Он отвернулся от меня, сделал несколько шагов по комнате, потом остановился, обернулся и закончил:
— Но я этого не сделал.
Он вернулся к камину и плеснул себе в рюмку коньяку. Я снова сел в свое кресло. Он словно не видел меня — его взгляд блуждал по комнате, перебегая с предмета на предмет, из одного темного угла в другой. Наконец он как будто заметил меня.
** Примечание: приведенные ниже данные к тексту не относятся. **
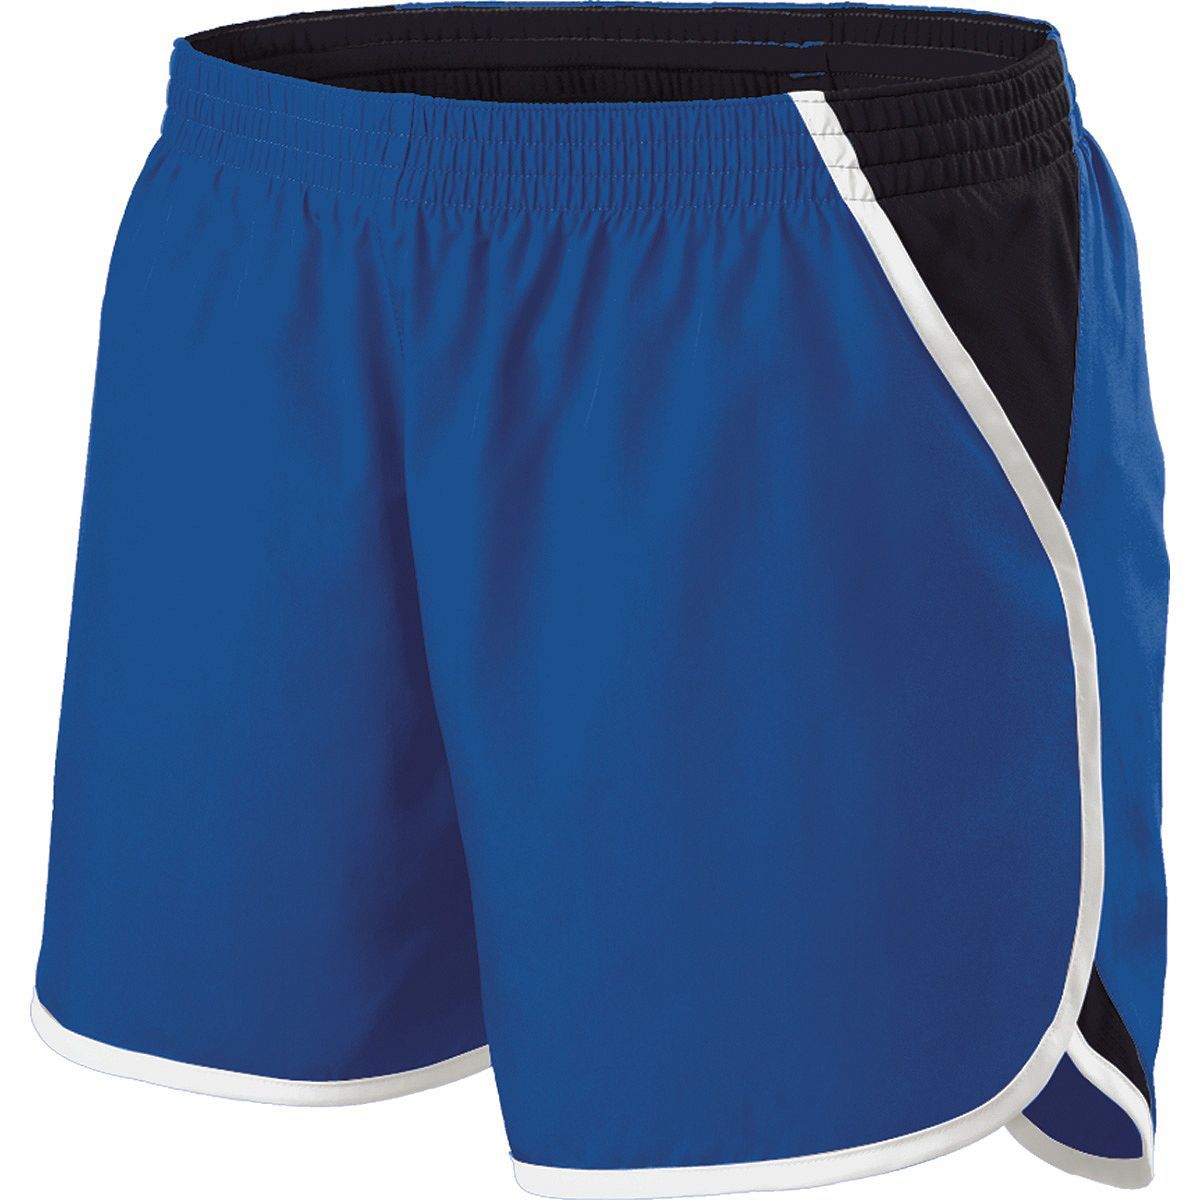 Holloway Energize Shorts in Royal/Black/White  -Part of the Ladies, Ladies-Shorts, Holloway product lines at KanaleyCreations.com

— Все юноши… — начал он и умолк. Потом продолжал: — Каждый из них думает, что когда-нибудь напишет великую книгу. И я полагаю, — он улыбнулся мне, — что вам это удастся. У вас есть… у вас есть злость, и простодушие, и всепобеждающее… — Он поднял руку, словно не давая мне говорить. — Нет, я не собирался сказать «всепобеждающее невежество». Нет, позвольте мне, с любовью и завистью, назвать это «sancta simplicitas» [4]. Нет, лучше сказать так: вы стремитесь к чему-то, сами не зная к чему. Только такая… только такая разновидность невежества, мой мальчик, ведет к величию.
Его взгляд по-прежнему блуждал по комнате.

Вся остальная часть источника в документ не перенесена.